One of twelve children, Samuel Adams was born September 27, 1722 in Boston, Massachusetts to Samuel and Mary Fifield Adams. His father, a prosperous brewer, was also an upper class politician. His son graduated from Harvard in 1740. Samuel the younger, tried several professional careers in law, a business of his own and was also employed in the counting house of Thomas Cushing. When success in these fields eluded him, he joined his father in the brewery.

Adams - His Early Life

Samuel Adams was married twice. His first wife, Elizabeth Checkley, died in 1757, leaving Samuel with two children from that marriage. He remarried in 1764 to Elizabeth Wells. He began an ambitious anti-British campaign which placed him on the threshold of politics. His anti-British position evolved as a result of Britain's suppression of the Massachusetts Land Bank in 1740. Observing his father's political scheme to issue paper money based on land security,

Adams wrote his Master's Degree thesis at Harvard three years later on the right of revolution, thus planting the seeds of his place in history as the Father of the American Revolution. John Adams, second president of the United States from 1797 to 1801, would later claim that his cousin, Samuel, began his revolutionary activism at this time.

Samuel Adams Composer of the Sugar Act

Adams formally joined political clubs and led efforts to thwart creditors of the Land Bank to place a lien on his property. He became active in Boston town meetings which led to his later becoming a Boston tax collector from 1756 to 1764. It was Britain's imperial policies that most conflicted with Samuel Adams' deep belief in freedom.

Adams wrote the Sugar Act in 1764 and became a representative in the Massachusetts legislature. He also composed the strong words of resolve against the British Stamp Act of 1765. From this point, Samuel Adams became firmly entrenched in colonial controversy. He formed committees that linked American colonies. With each imperial act by the British, Samuel Adams moved forward to squash their hold over the colonials.

The Boston Resolves

Adams drafted a set of resolves to curtail attempts by the British to control colonial assemblies and committees which Adams viewed as tyranny.

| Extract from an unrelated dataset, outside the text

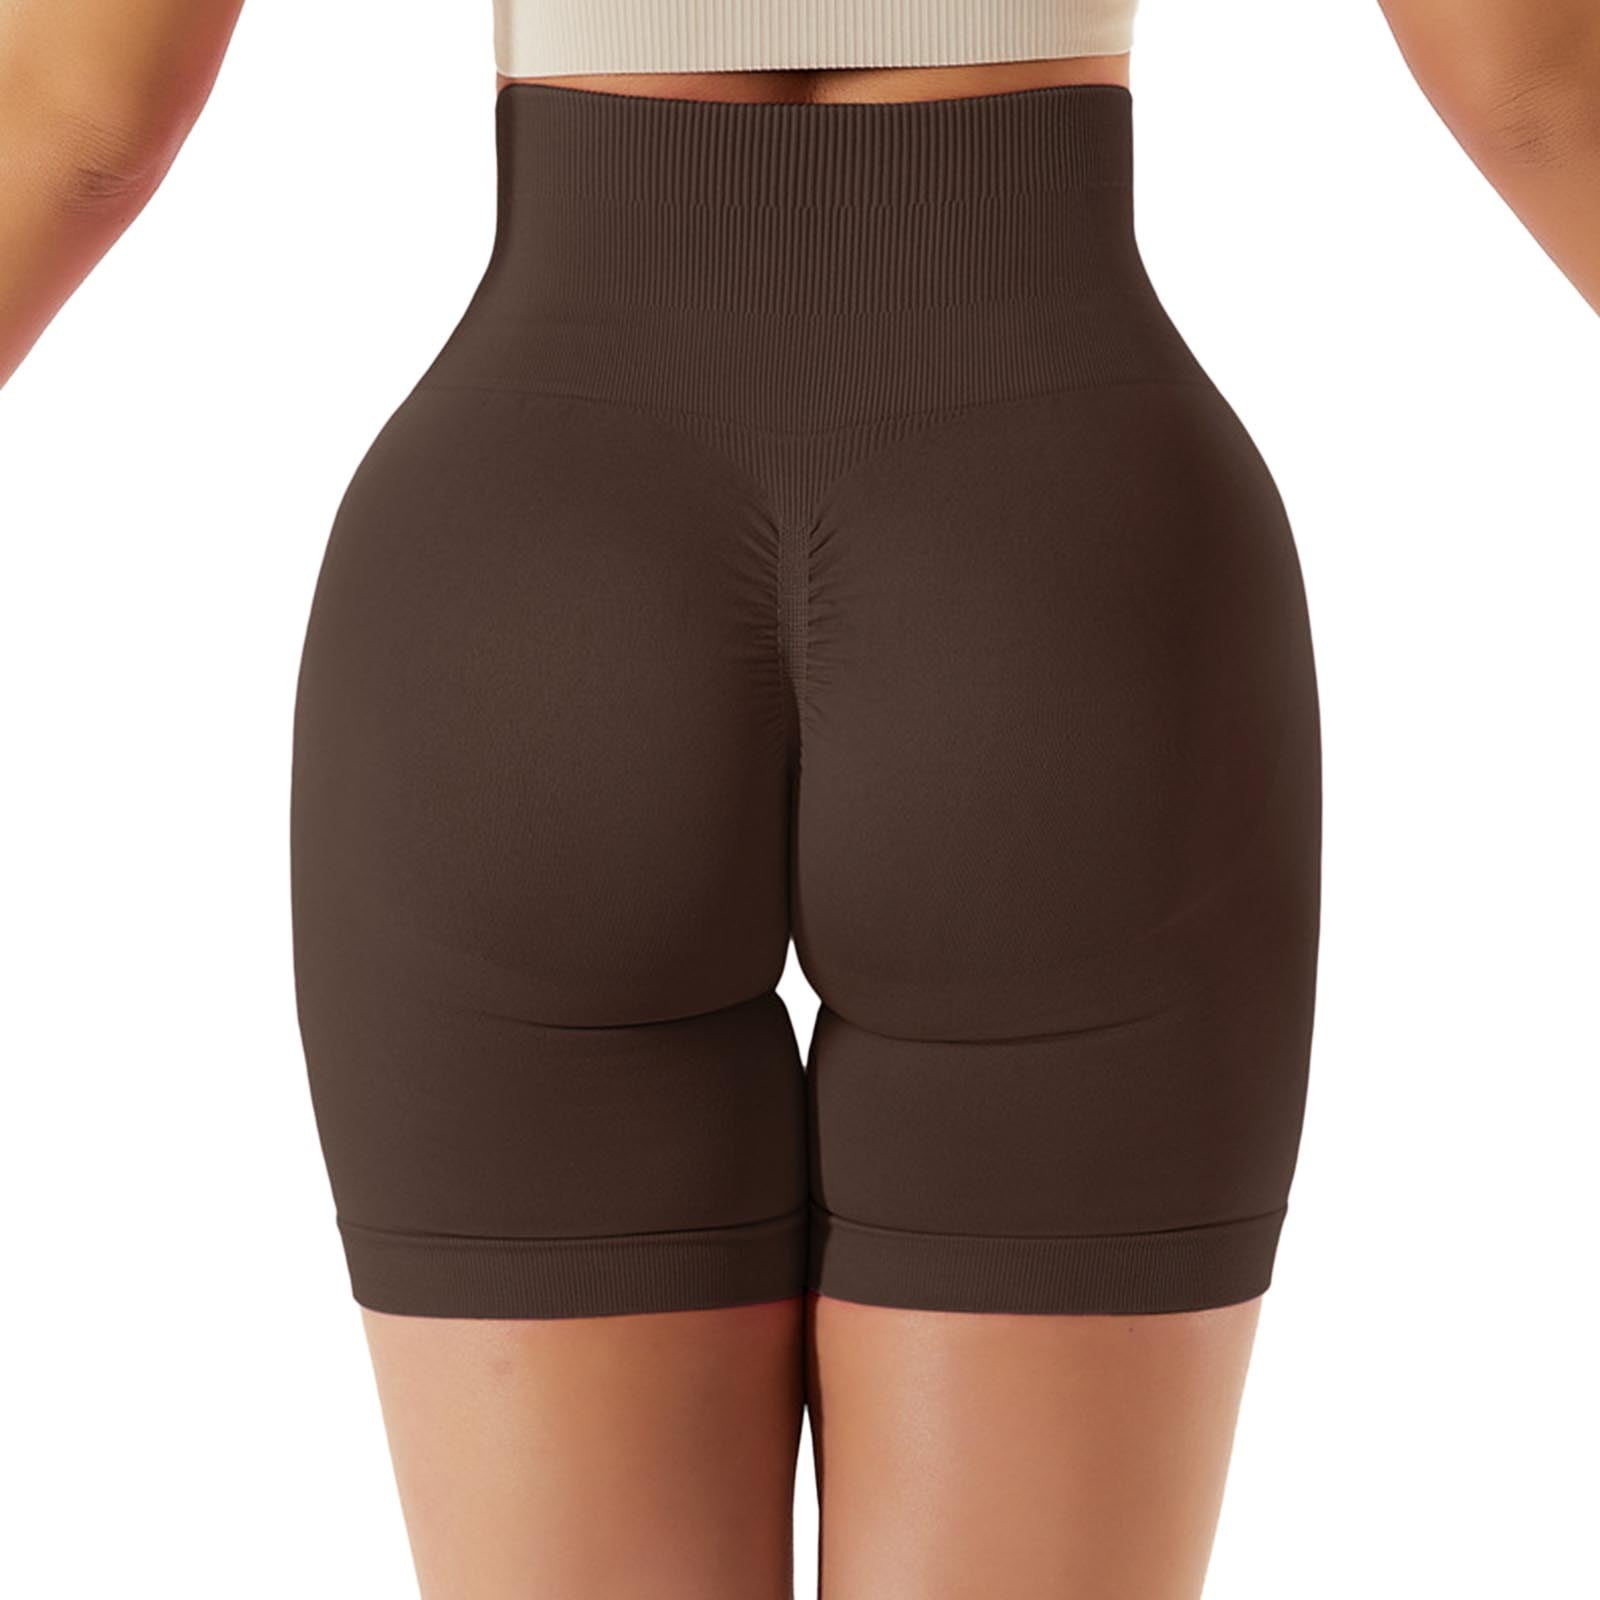 adviicd Short Pants For Women Casual Summer Yoga Pants Yoga Shorts

Thomas Hutchinson, the newly appointed British governor of Massachusetts, claimed Adams Boston Resolves was a virtual declaration of independence. Adams was discontented with merely denouncing British tyranny and set forth a plan to build an organization to resist it by proposing that every Massachusetts town form committees of correspondence so that colonials would be informed of British activities. Adams encouraged these groups to take steps in opposition to these activities.

His ideas led to committees springing up in all 13 colonies. Thus, the nuclei of the American Revolution had begun when states and provinces formed their own governments.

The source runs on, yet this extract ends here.